Concerns related to adverse effects:
• Altered cardiac conduction: Fluoroquinolones may prolong QTc interval; avoid use in patients with a history of QTc prolongation, uncorrected hypokalemia, hypomagnesemia, or concurrent administration of other medications known to prolong the QT interval (including Class Ia and Class III antiarrhythmics, cisapride, erythromycin, antipsychotics, and tricyclic antidepressants).
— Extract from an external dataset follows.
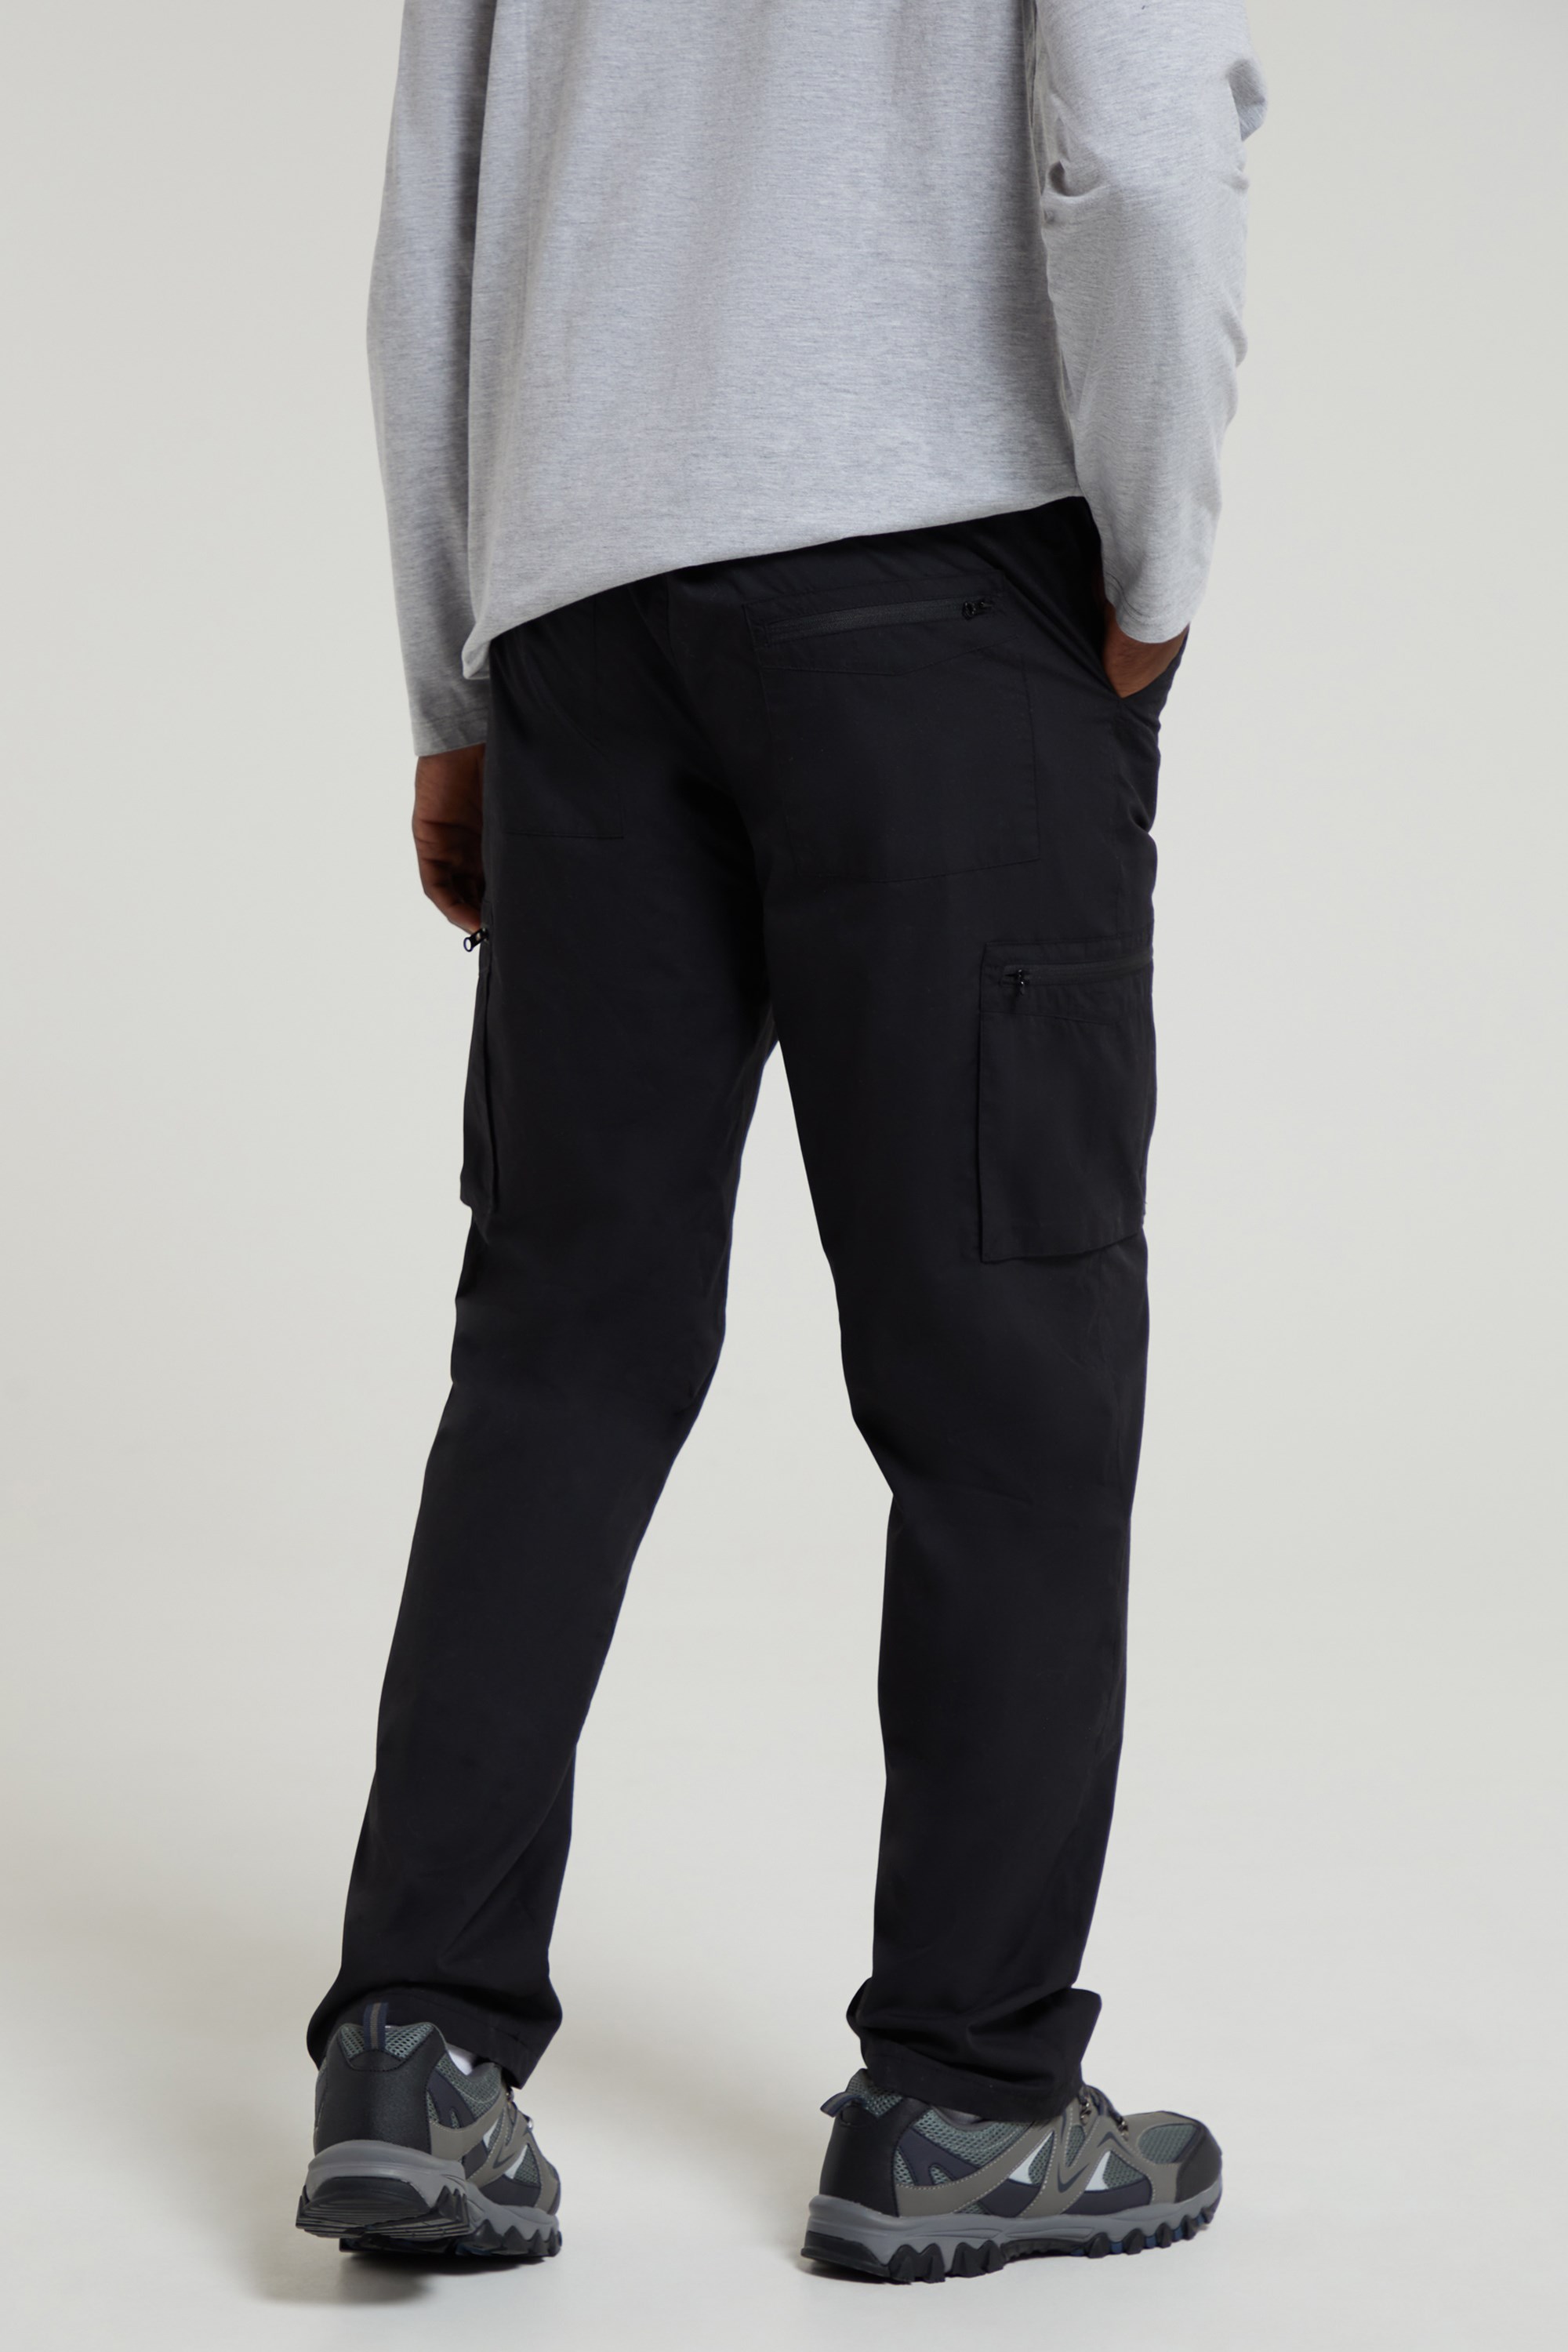 Men's Winter Pants Fleece Lined Ski Snow Pants Water Resistant with 4 Zip  Pockets

• Aortic aneurysm and dissection: Fluoroquinolones have been associated with aortic aneurysm ruptures or dissection within 2 months following use, particularly in elderly patients. Fluoroquinolones should not be used in patients with a known history of aortic aneurysm or those at increased risk, including patients with peripheral atherosclerotic vascular diseases, hypertension, genetic disorders involving blood vessel changes (eg, Marfan syndrome, Ehlers-Danlos syndrome), and elderly patients, unless no other treatment options are available. Longer treatment duration (eg, >14 days) may increase risk (Lee 2018).
• CNS effects: Fluoroquinolones have been associated with an increased risk of CNS effects including seizures, increased intracranial pressure (including pseudotumor cerebri), dizziness, lightheadedness, and tremors. Use with caution in patients with known or suspected CNS disorders (eg, severe cerebral arteriosclerosis, epilepsy) or other risk factors that may predispose to seizures or lower the seizure threshold.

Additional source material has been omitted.